NY Port Authority Police Make Over $300,000 A Year Thanks To "Overtime Bonanza"

Chris | InformationLiberation
Dec. 27, 2014

New York State police working for the Port Authority are making in excess of $300,000 a year thanks to endless indulgence in an "overtime bonanza."

From The Record:
Three years after New York State issued a scathing report criticizing what it characterized as excessive overtime at the Port Authority, 131 of the agency’s employees worked so much overtime in the first nine months of this year that they already more than doubled their annual base salaries.

Thirteen agency police officers received more in salary, overtime and other payments in that period than did Executive Director Patrick Foye, whose annual salary is $289,000.

Most of the top overtime earners are police officers, including one who has been averaging an estimated 100 hours of work a week this year, including 60 hours of overtime. That is the equivalent of working more than 14 hours a day, seven days a week. The top 10 overtime earners are averaging an estimated 46 extra hours each week, a workload that experts say raises questions about efficiency and public safety, and is quite high even in a profession where significant overtime is routine.

[....] This year’s top overtime earner has been Officer Morris Cofield, who has a base salary of $90,000 but was paid $262,620 through September, almost $40,000 more than Foye got in the same period. His $172,579 in overtime earnings equal an estimated 59 extra hours of work a week.

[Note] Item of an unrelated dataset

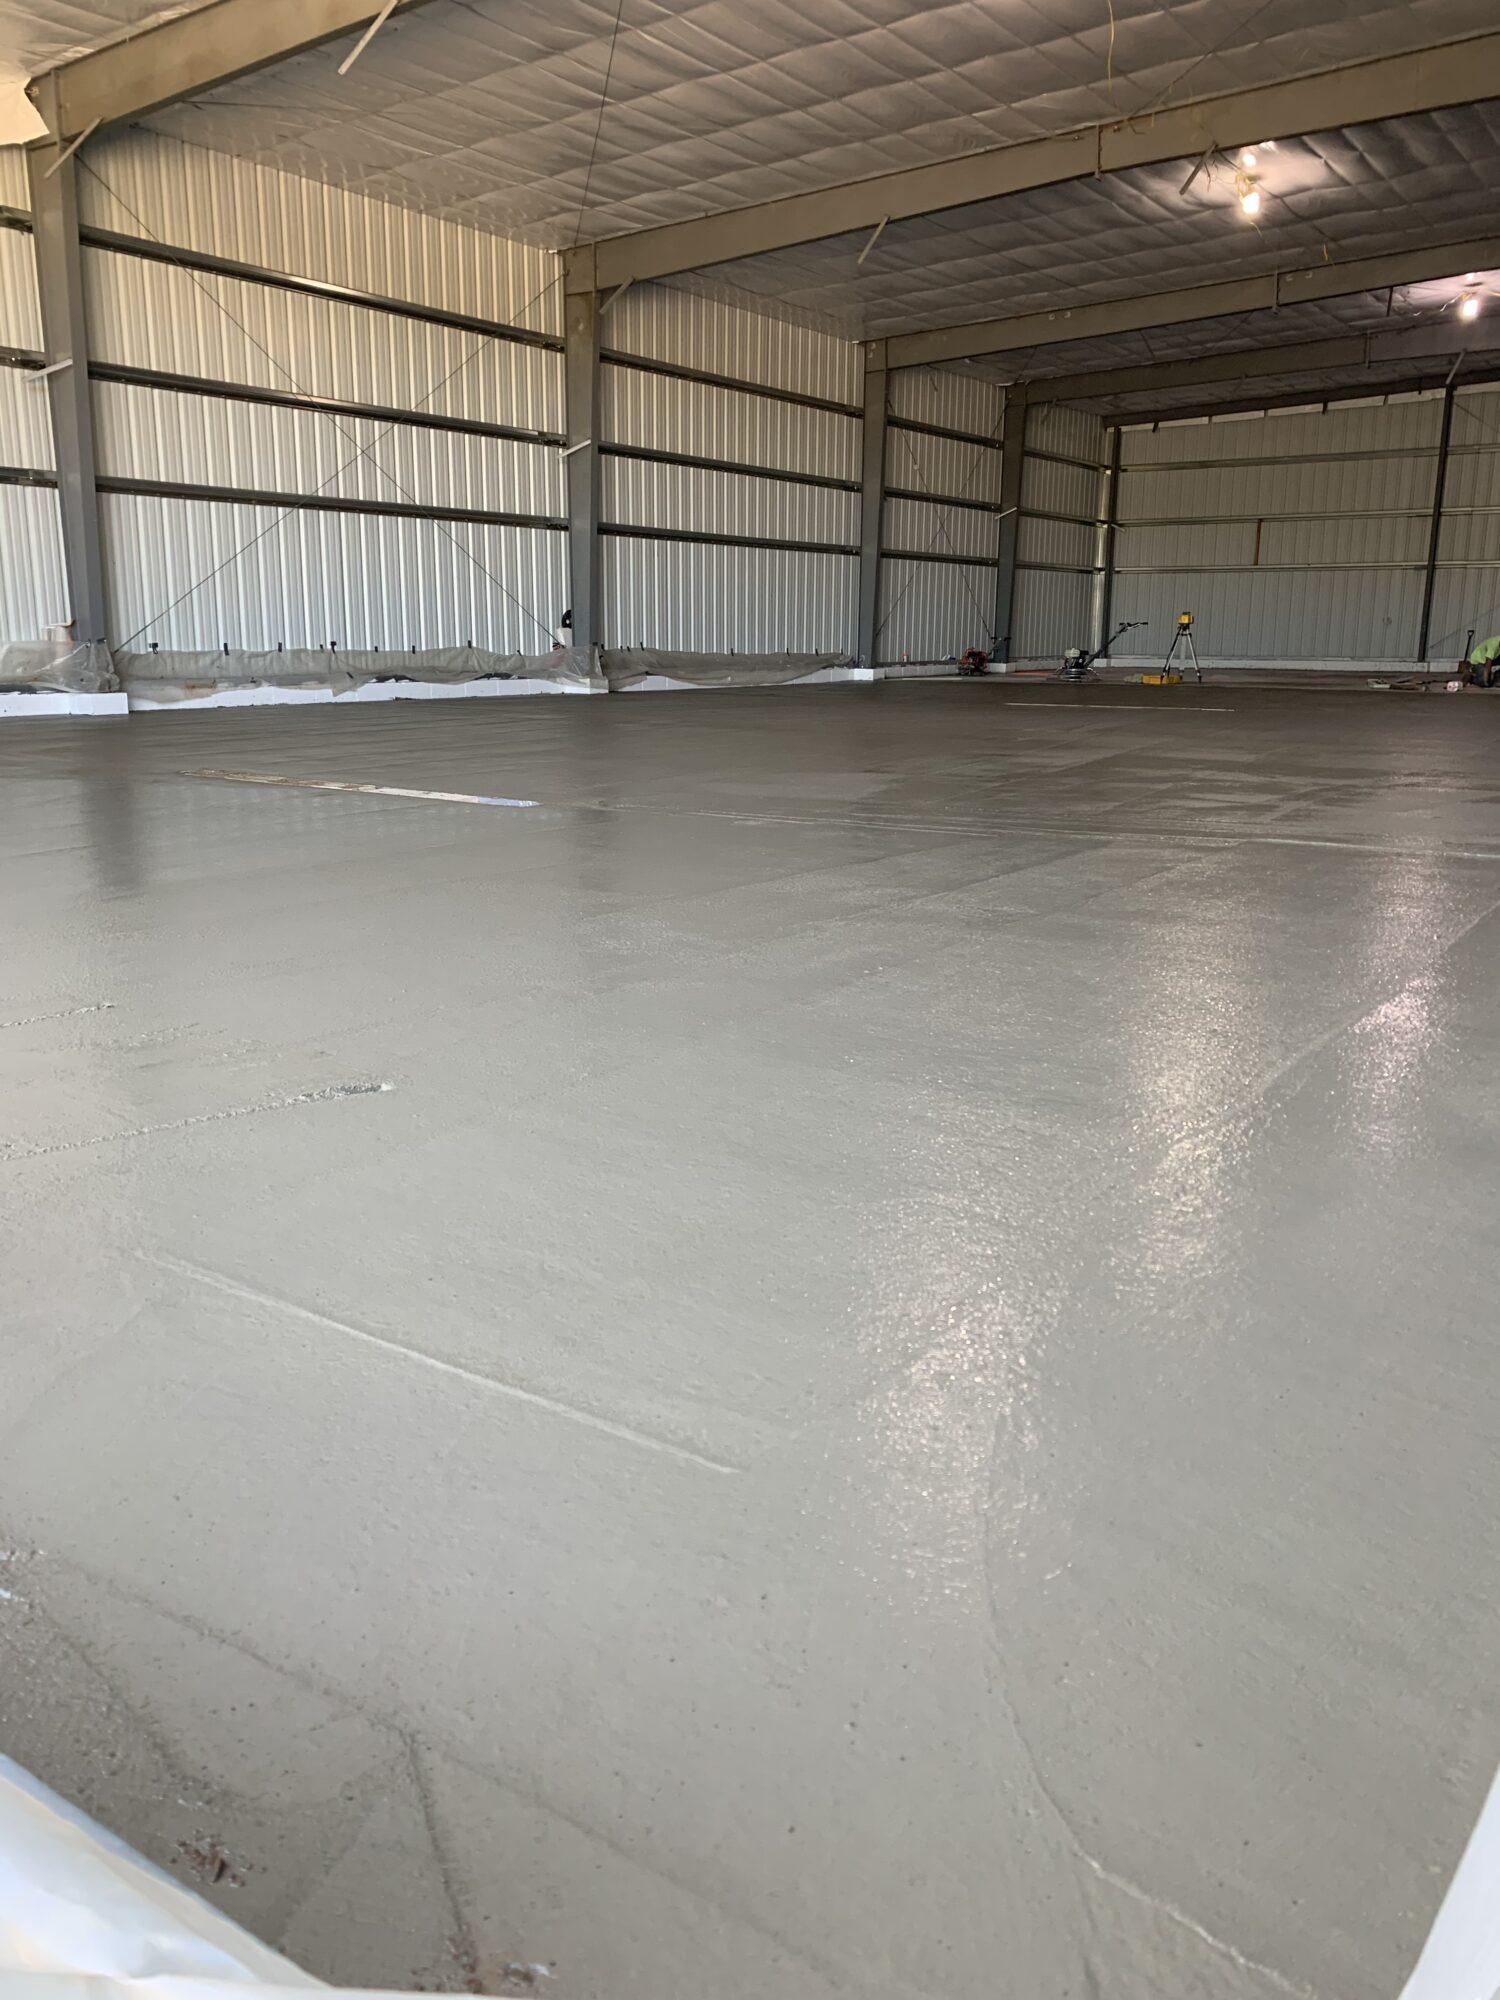 Concrete floor poured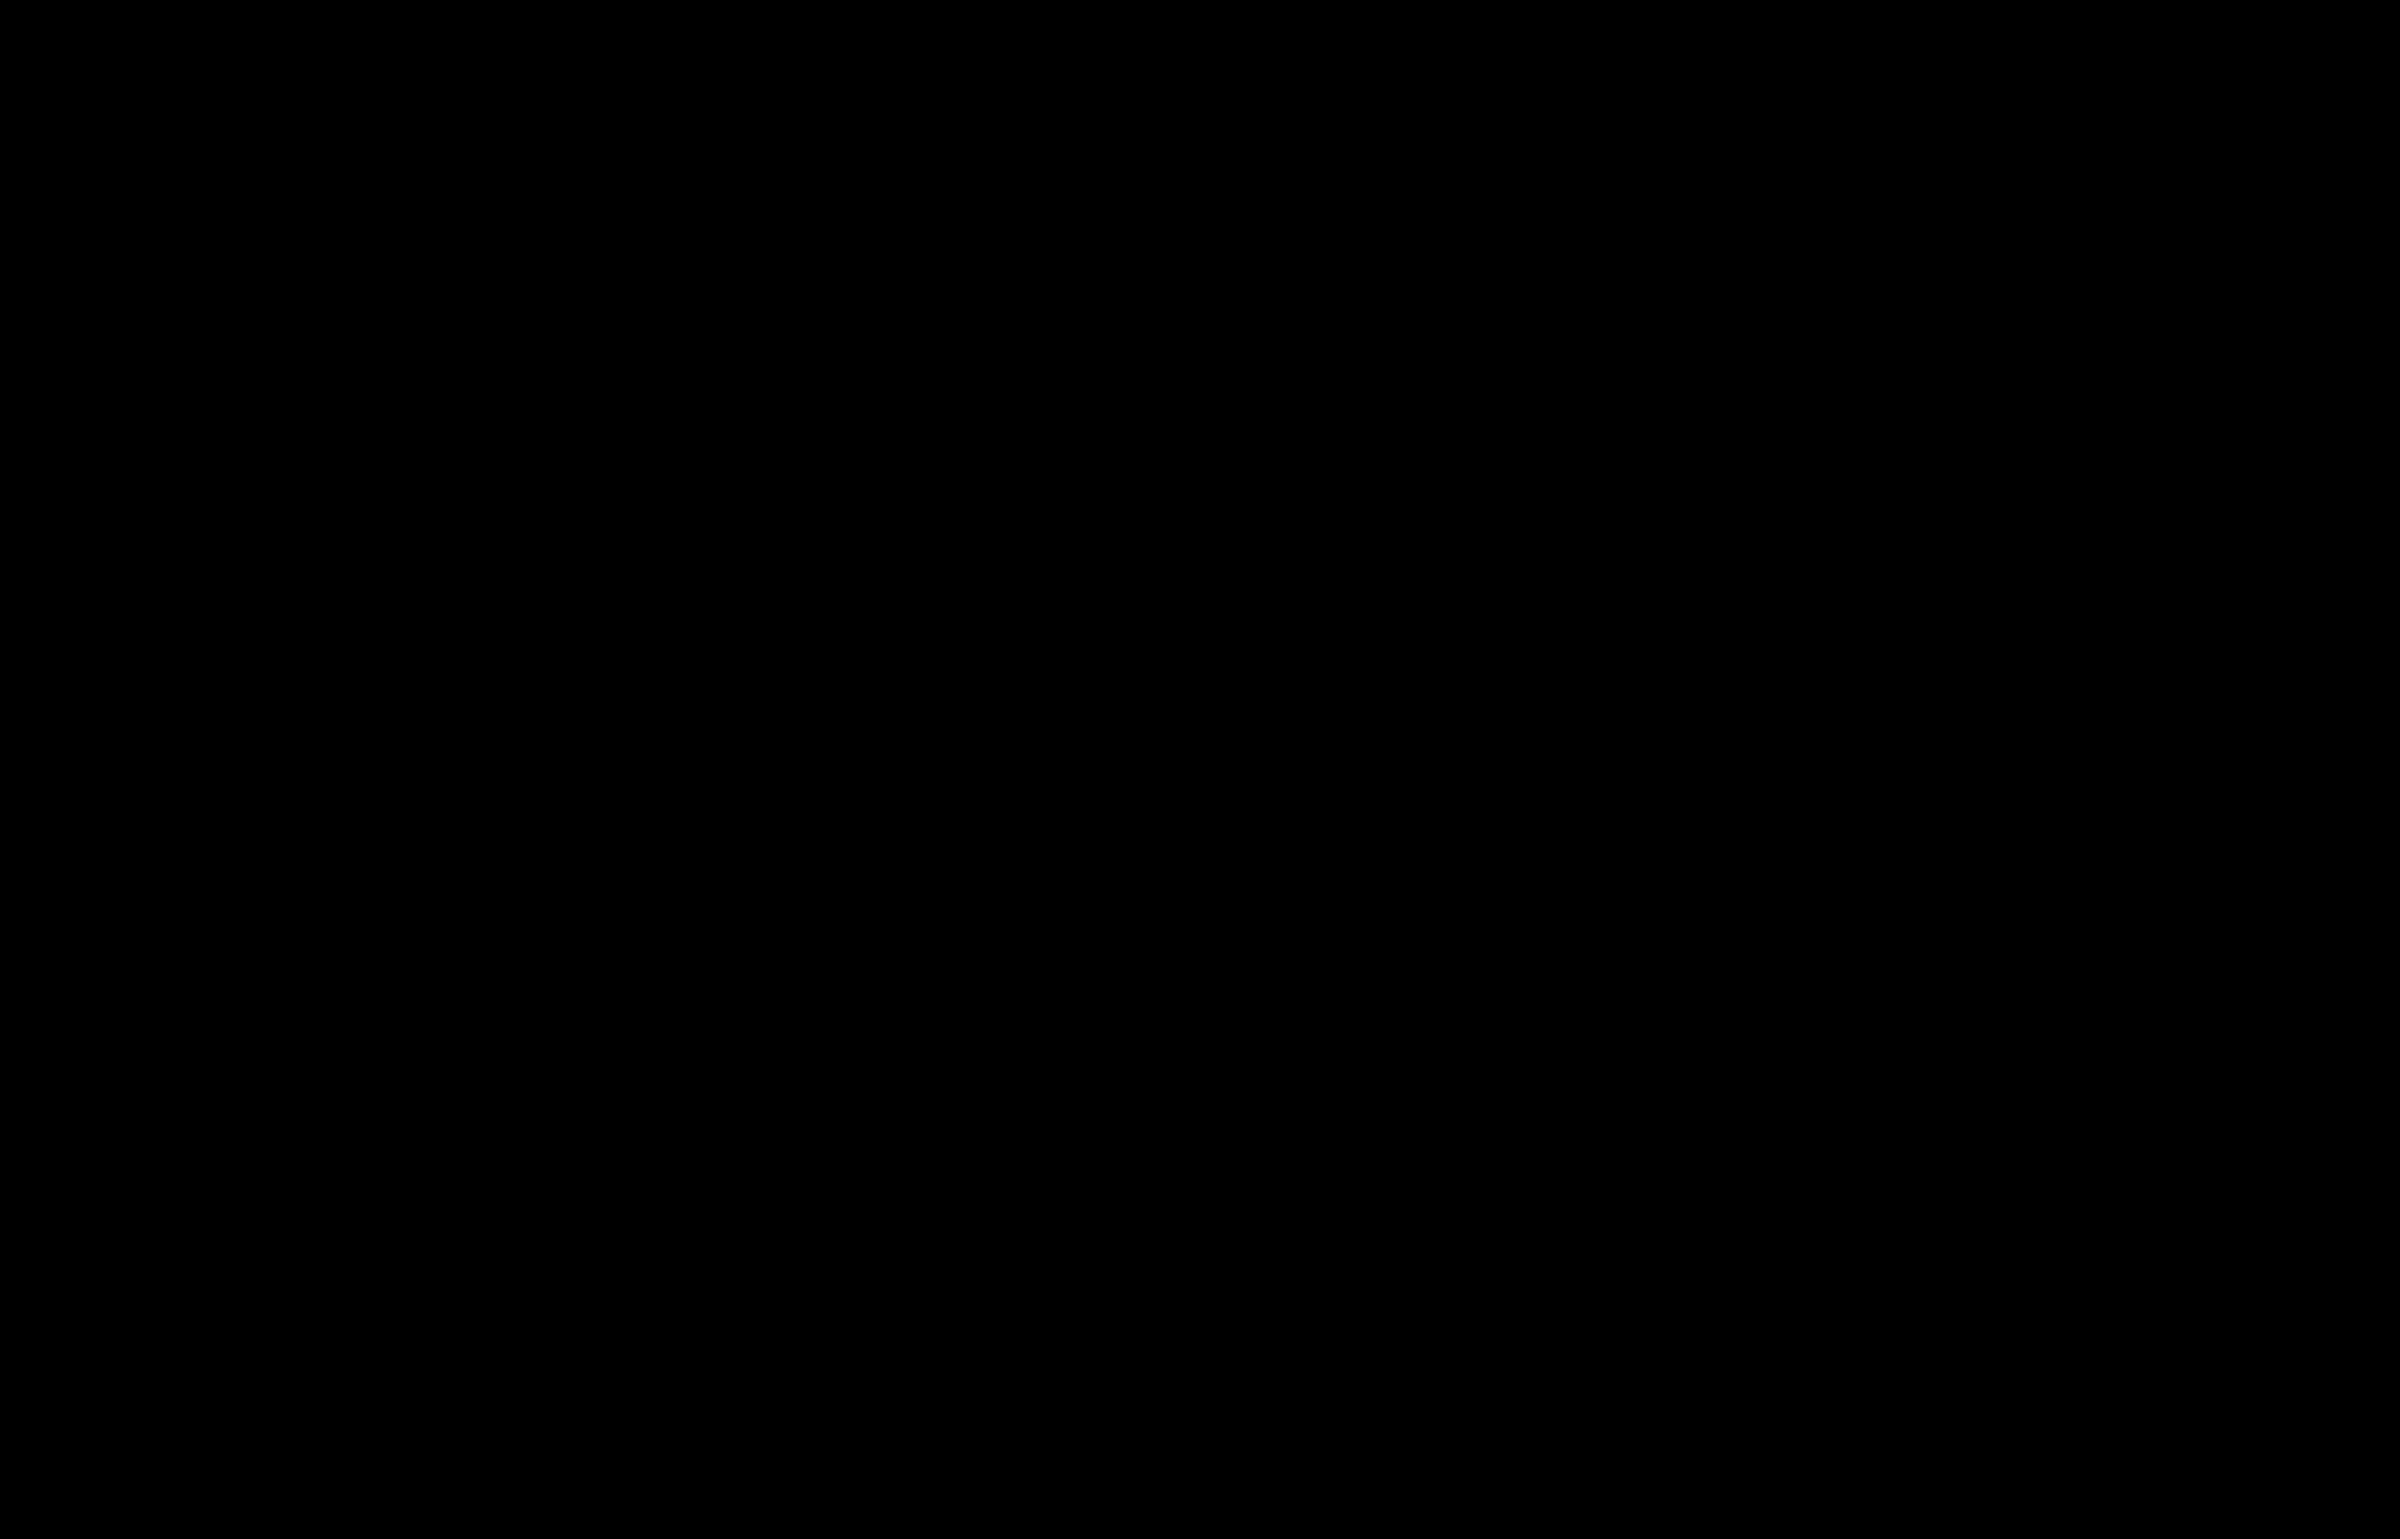 mtv-logo-png-transparent.png

Last year, Andrew Kurpat, another officer with a base $90,000 salary, was the agency’s top-paid employee, with $330,856 of earnings, bolstered by $214,643 of overtime and other additional pay. He worked an estimated 56 overtime hours a week for the year. He was one of 11 officers to earn more than Foye’s annual salary in 2013, and one of eight to receive more than $300,000.
Your average security guard employed in the private sector is paid around $31,000 a year in the state of New York. These officers are bringing in ten times the salary of their private sector counterparts. While it's true these are the highest paid of the bunch, the base salary for a port authority officer starts at $32,361 and it's jacked up to an outrageous $90,000 after just five years of "service." That's three times more than those in the private sector as base pay, not including the insane overtime they're racking up.

Public servants in theory are supposed to be "serving" the public, it used to be if you took a job with the government you get lower pay for the same job but have better job security, now you have better pay, better job security, and the people paying your salary make less than half what you do. This matches perfectly with the definition of a Kleptocracy.

As it's described on Wikipedia:
Kleptocracy, alternatively cleptocracy or kleptarchy, is a form of political and government corruption where the government exists to increase the personal wealth and political power of its officials and the ruling class at the expense of the wider population, often with pretense of honest service.
A study from 2007, which went widely ignored, showed your average taxpayer, including those making just $30,000 annually, when you add up every last tax they're paying have an average tax-rate of around %40. Feudal serfs only paid some %10-20 of their income to their "lord," meanwhile your average American is paying double.

How much longer can this lunacy continue?